I am just working to reverse that. We can not perpetuate what was started by slavery.


----------



## Finshaggy (Dec 30, 2013)

And I did not use "Simplified Guesswork" I can prove that.

Imhotep was the original father of medicine, and was worshiped in the form of a black African, which was a tradition that came from Egypt (Egyptians called themselves "Kemet" meaning "Land of the black" )

So Imhotep worship was banned, and Aesculapius took his place in the form of a white man, but even Hannibal worshiped Aesculapius in the form of a black African and built temples to him in Spanish Carthage (the place called "New Carthage" )

So I think that at the same time the Greeks were being racists against Imhotep as a figure, they were scared of Socrates as a teacher that had learned in Egypt for 15+ years. And again, mosaics of him have more dark tiles than white ones.


----------



## woody333333 (Dec 30, 2013)

brown is the word youre looking for findo............ theyre all brown...... olive skinned anyhow......santa has a chance but other than that none of em would be white.....1 star........hows your sister?.........


----------



## Finshaggy (Dec 30, 2013)

And this is not just for black people, this is for white people as well. We all need to realize this.

Slavery may be over, but the chains are not completely removed. And if we do not remove the chains in our society, we will never see it to completion. Equalizing our history is the only way into the future.


----------



## Finshaggy (Dec 30, 2013)

woody333333 said:


> brown is the word youre looking for findo............ theyre all brown...... olive skinned anyhow......santa has a chance but other than that none of em would be white.....1 star........hows your sister?.........


No, Black. When I say brown I don't mean Mexican. I'm talking about black history.

And saying "santa is the only one that has a chance" is not proof of anything in any way.


----------



## woody333333 (Dec 30, 2013)

Finshaggy said:


> No, Black. When I say brown I don't mean Mexican. I'm talking about black history.


do I need to draw circles on a map to show you where the different colors of people come from?...........


----------



## Finshaggy (Dec 30, 2013)

woody333333 said:


> do I need to draw circles on a map to show you where the different colors of people come from?...........


That would probably make for a good laugh since you probably have no idea. Go ahead an draw one.

I'll post where the people ACTUALLY come from in my CFL grow thread right now, you go draw circles on a map and we'll see who is actually right historically.


----------



## BigEasy1 (Dec 30, 2013)

Finshaggy said:


> And this is not just for black people, this is for white people as well. We all need to realize this.
> 
> Slavery may be over, but the chains are not completely removed. And if we do not remove the chains in our society, we will never see it to completion. Equalizing our history is the only way into the future.


Guys like you keep trying to put the chains on because you won't let it go.
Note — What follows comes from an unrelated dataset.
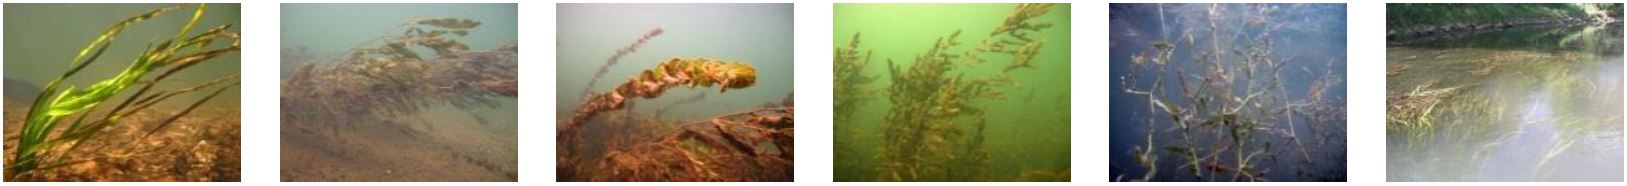 Die 6 Fotos zeigen unterschiedliche höhere Wasserpflanzen im Gewässer.
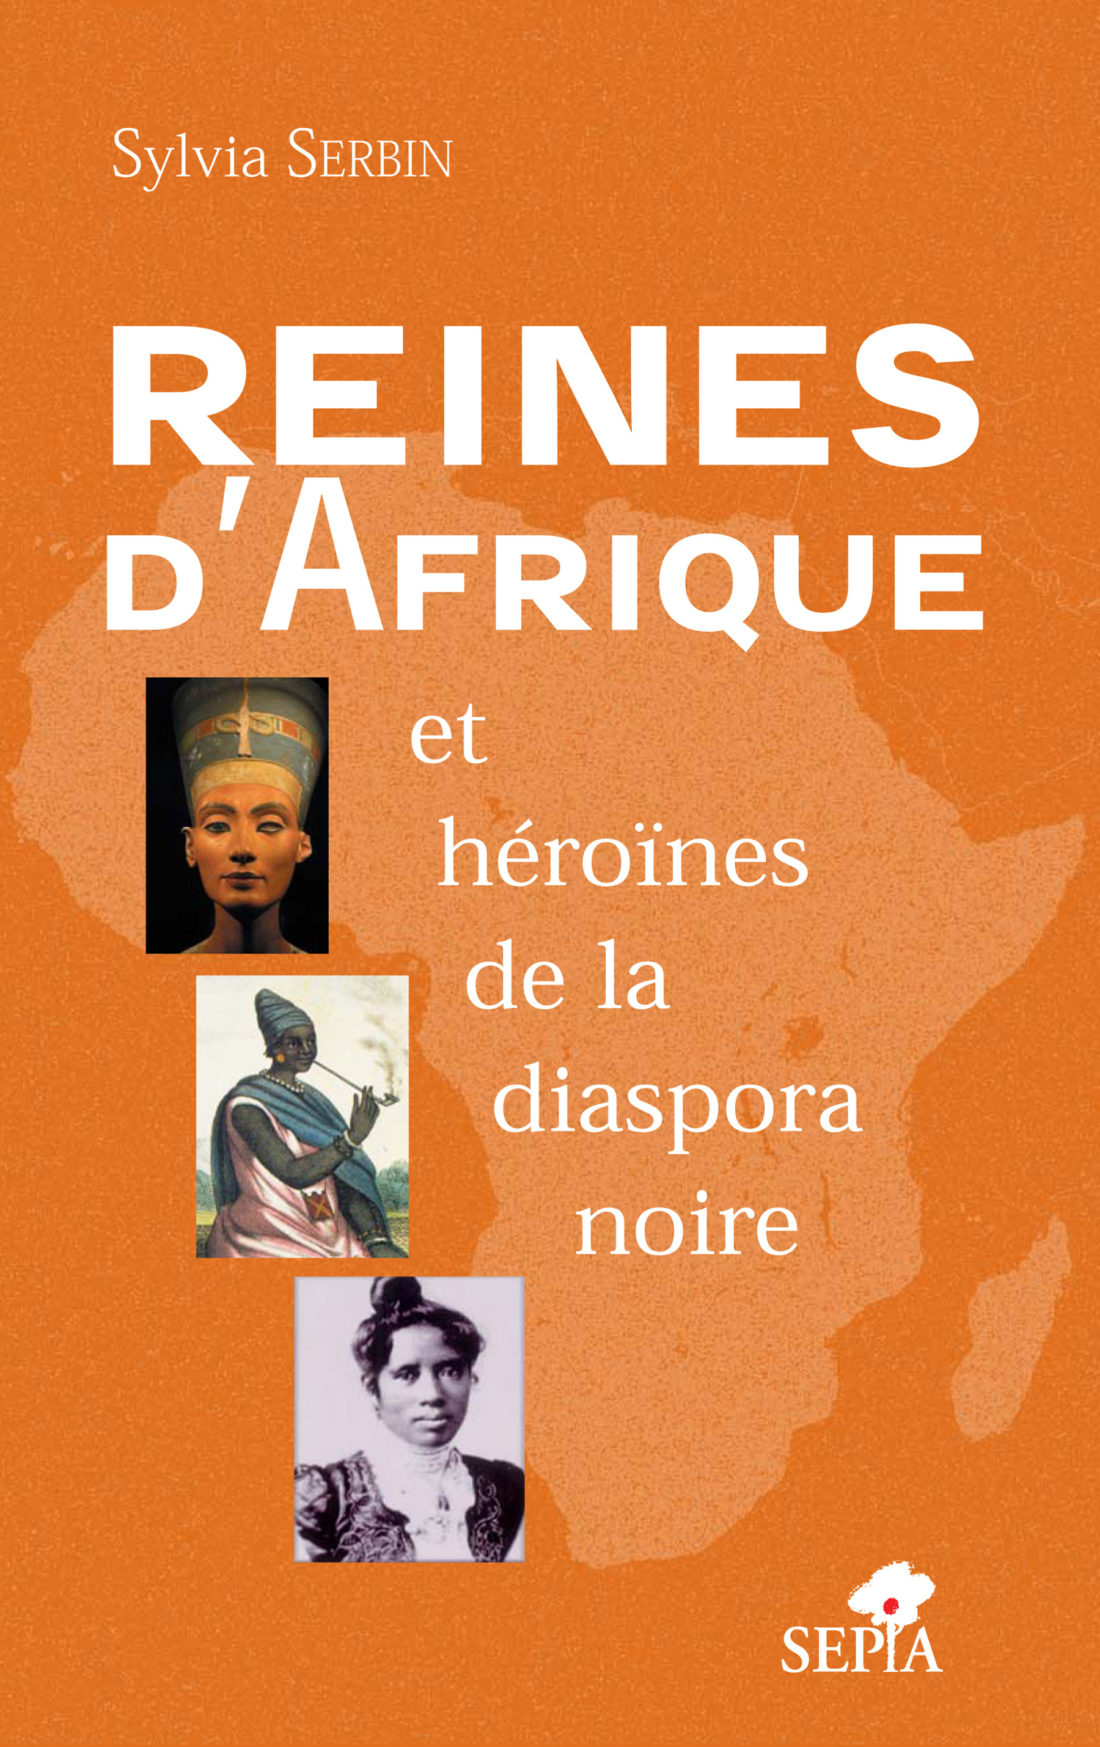 Couverture du livre REINES D'AFRIQUE ET HÉROÏNES DE LA DIASPORA NOIRE

It's over and has been way before me or you was ever born. You need to quick blaming the white man for your woes. I work with many, many very successful black people and everyone of them became successful by hard work, not sitting around bitching about what happened 200 years ago. Get over it or pack up and leave. You could move to somewhere like Haiti where all black people are in power. I hear Haiti is quite a diamond in the rough.


----------



## Finshaggy (Dec 30, 2013)

BigEasy1 said:


> Guys like you keep trying to put the chains on because you won't let it go. It's over and has been way before me or you was ever born.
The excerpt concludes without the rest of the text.